Chroniques

Mieux vaut en rire: Aimer un peu, c’est déjà beaucoup…

© D.R

Je ne sais pas ce que j’ai ce matin, mais j’ai une folle envie de vous parler d’amour. En fait, c’est sûrement parce que la parution de cette chronique coïncide avec la Saint-Valentin, la fête des amoureux. Cette fête d’origine païenne, c’est-à-dire bien avant que les religions n’aient décidé de mettre leur nez dans les histoires de cœur et de corps, a mis beaucoup de temps avant d’arriver chez nous.

Je ne dis pas qu’avant, on ne s’aimait pas, mais on ne le montrait pas beaucoup. Il faut dire que même aujourd’hui, on ne le crie pas sur les toits, mais il y a quelques chuchotements. Si on a toujours eu un mal fou à exprimer son amour pour son prochain ou sa prochaine et parfois même juste à aimer, c’est à cause du poids énorme de l’éducation et de son emprise sur la gestion de nos sentiments et en particulier le plus sympathique de tous, à savoir l’amour.

J’ai l’impression que nos sociétés non seulement n’aiment pas l’amour, mais n’aiment pas non plus ceux et celles qui aiment. Je crois que si elles n’aiment pas l’amour, c’est parce qu’ils en ont peur. Ce n’est pas uniquement une question de pudeur excessive ou de timidité maladive, mais un problème réel de répression et d’auto-répression qui nous ont été imposées par ceux qui nous élèvent et ceux qui nous commandent. Les uns et les autres se sont alliés depuis des siècles pour faire de l’amour le mal à fuir et l’ennemi à détruire. Aimez-vous les uns les autres, comme disait l’autre, mais juste pour procréer. Si vous voulez aimer, mariez-vous et aimez-vous chez vous, entre vous, ni vu ni connu.

Vivons amoureux, vivons cachés. Trêve de plaisanterie. Franchement, pourquoi on ne veut pas nous laisser nous aimer comme ça nous chante? Est-ce que quelqu’un peut m’expliquer en quoi un homme qui tient sa femme, ou pas sa femme, par la taille et qui se promène sur un boulevard, dérange la communauté ou la société? Pourquoi bon sang une femme n’a pas le droit d’embrasser son mari, ou pas son mari, dans la rue si elle en a envie, et pourquoi on n’a même pas le droit de le montrer dans nos images ?

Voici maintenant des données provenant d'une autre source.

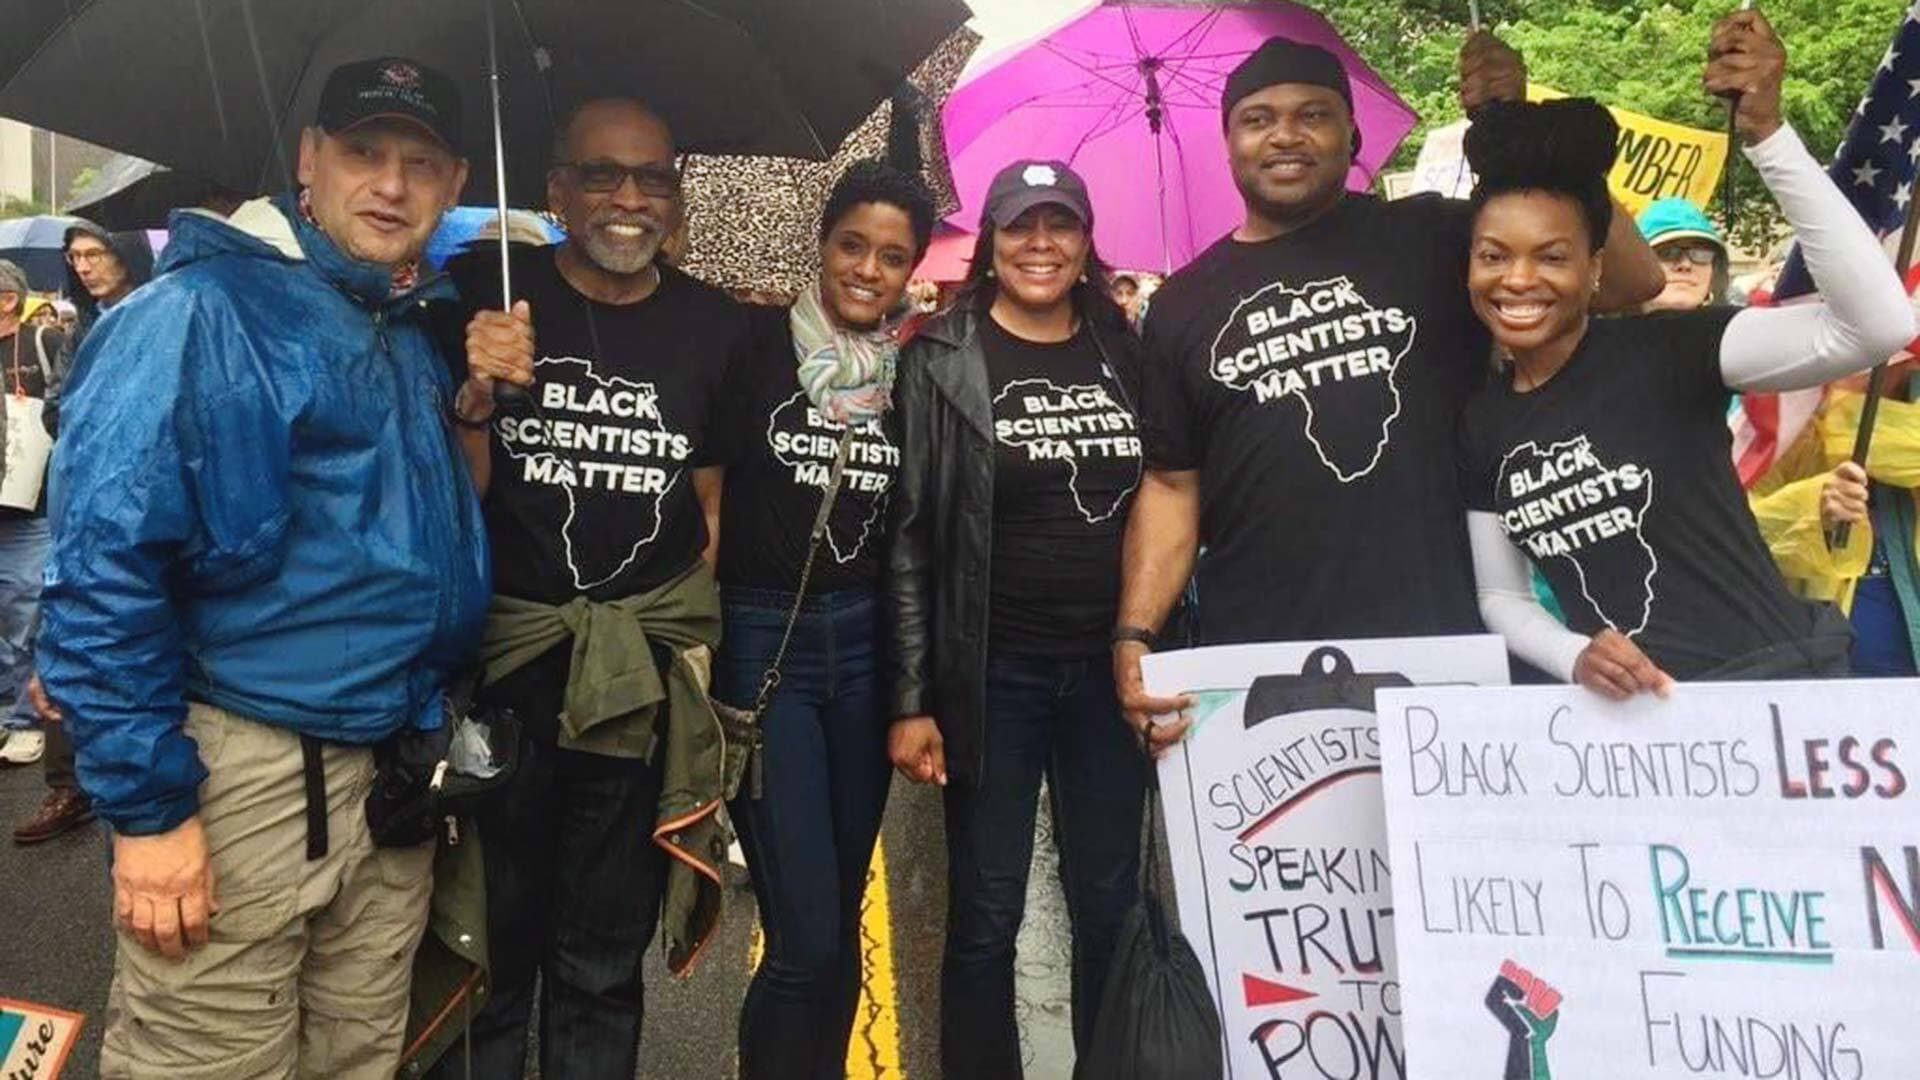 People wearing "Black Scientists Matter" shirts hold umbrellas

C’est quoi cette aberration qui accepte sans le moindre problème de conscience de nous bombarder de photos, de reportages, de films et autres qui nous agressent à longueur de journées avec leur trop plein de violences, de tueries et de sang, et qu’on crie à l’hystérie, au satanisme, voire à l’athéisme dès lors qu’on voit la main d’un jeune garçon toucher à peine celle d’une jeune fille? Car si la mauvaise idée leur vient d’aller un peu plus loin, l’alarme sera aussitôt déclenchée et on les poussera à aller cacher dans des cachots séparés leurs amours interdits. Alors, vivement qu’on se prenne en main et qu’on revendique le droit de tous et de toutes de s’aimer librement sans crainte et sans contrainte. Non, je ne prône pas le droit à l’amour libre, mais je revendique celui d’aimer et d’être aimé sans pudeur et sans tuteur.

Si cette année, le 14 février tombe un vendredi, c’est peut-être pour narguer les adeptes de la «sacritude» de tout, partout et toujours, et les ennemis de l’amour, tous ces gens qui n’aiment qu’eux-mêmes et encore quand il n’y a personne qui les voient s’aimer. Alors, vous qui êtes fiers d’aimer, et vous qui êtes heureuses d’être aimées, et vice-versa, montrez à tous ces combattants de la haine qu’il n’y a plus beau que l’amour et pas plus joli que de le montrer.

Allez acheter des roses et des cadeaux et offrez-les à celles et à ceux que vous aimez, et surtout, surtout, dites-leur, et en le criant s’il le faut, que vous les aimez même si c’est juste un peu, ou bien beaucoup, et encore mieux, si c’est à la folie. Alors, puisque vous savez ce qu’il vous reste à faire, je n’ai plus à souhaiter à tous les amoureux et à toutes les amoureuses, une très bonne fête de Saint-Valentin et un très  bon week-end. Quant aux autres…
Un dernier petit mot pour rigoler : quand on cherche les poux chez les autres, on finit par en attraper.